Revivendo uma Língua Esquecida: O Projeto “Ninho de Língua” na Lapônia
É comum não compreendermos completamente o vocabulário das crianças, mas imagine a situação de não entender uma única palavra que elas dizem. Em algumas creches na Lapônia, região do Círculo Polar Ártico – que inclui a Noruega, Suécia, Finlândia – essa barreira de comunicação está sendo gradualmente superada.
A iniciativa se baseia no escuta de conversas em inari sámi, uma língua indígena com um passado quase esquecido.
A História do Inari Sámi
O inari sámi tem suas origens no Lago Inari, na Finlândia. Por décadas, a língua esteve à beira da extinção. Em 1995, apenas duas famílias utilizavam a língua com seus filhos, e apenas quatro jovens tinham menos de 20 anos e falavam inari sámi.
O Projeto “Ninho de Língua”: Uma Inspiração da Nova Zelândia
A revivificação da língua inari sámi foi impulsionada por um projeto iniciado na Nova Zelândia.
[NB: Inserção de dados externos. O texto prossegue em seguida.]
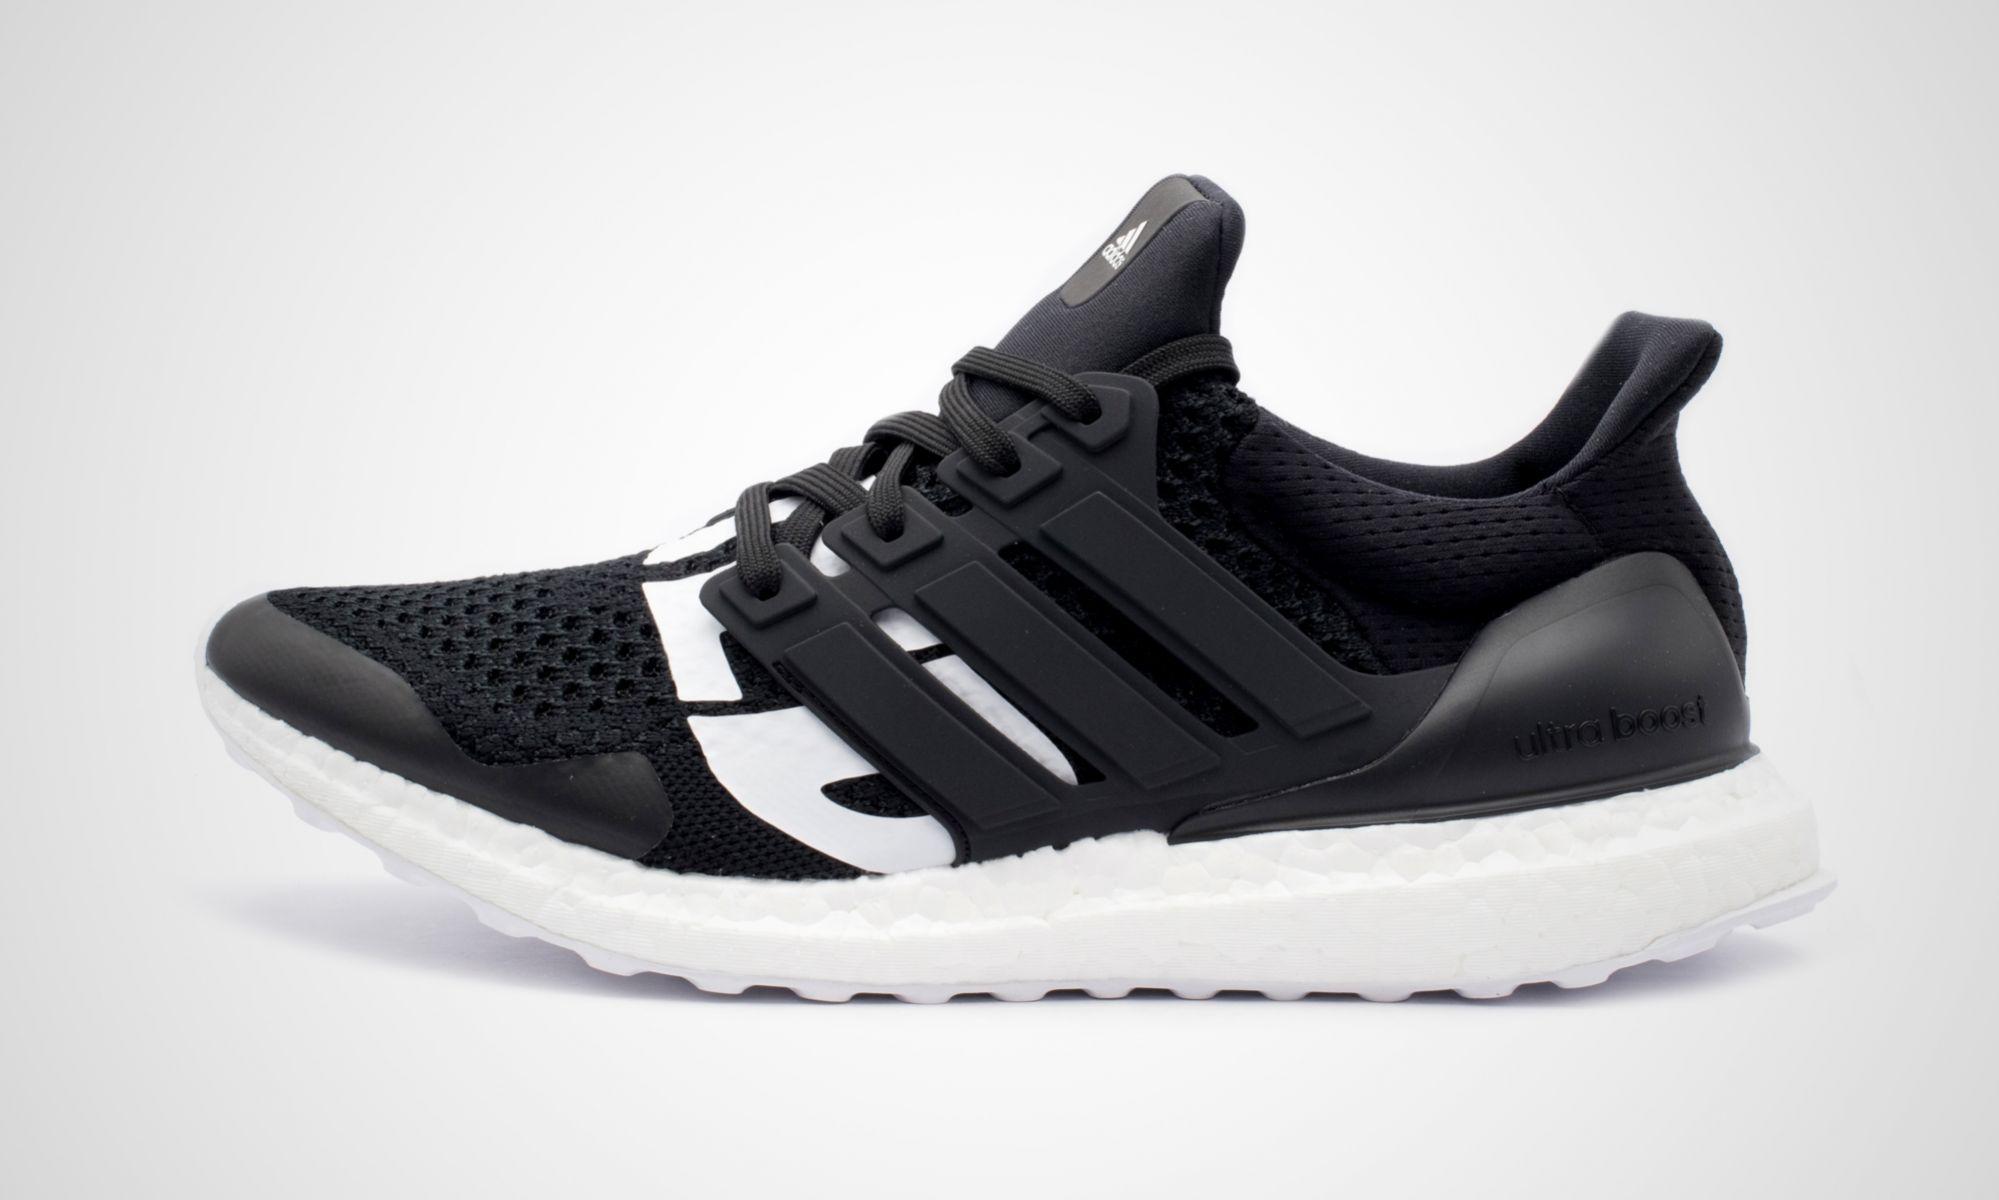 newest b9e44 2ff50 adidas x UNDFTD Ultra Boost

A terra do povo “Kiwi” desenvolveu iniciativas de revitalização de línguas indígenas locais, inspirando um programa de imersão linguística na Lapônia.
O modelo, conhecido como “Ninho de Língua”, visa formar uma nova geração de falantes através da imersão total das crianças na língua.
Como Funciona o “Ninho de Língua”
O programa, implementado na primeira infância (do nascimento aos seis anos), utiliza canções, decorações e elementos tradicionais do povo Sámi na sala de aula. As onze crianças da creche na Lapônia vivenciam a língua inari sámi de forma prática e envolvente.
A prioridade para participar do programa são as crianças de famílias que já falam a língua, mas vagas também são oferecidas para aquelas que não possuem o conhecimento.
Desafios e Perspectivas
Apesar do sucesso inicial, a expansão do programa enfrenta desafios. A falta de recursos, incluindo a escassez de professores qualificados, é um obstáculo significativo. Embora as línguas sámi (o sámi do norte, o sámi de Inari e o sámi skolt) sejam reconhecidas como oficiais, a demanda por professores aumenta à medida que as crianças da creche crescem e acessam o ensino fundamental e médio.
O futuro da língua inari sámi depende da continuidade desse projeto inovador e do investimento em sua preservação.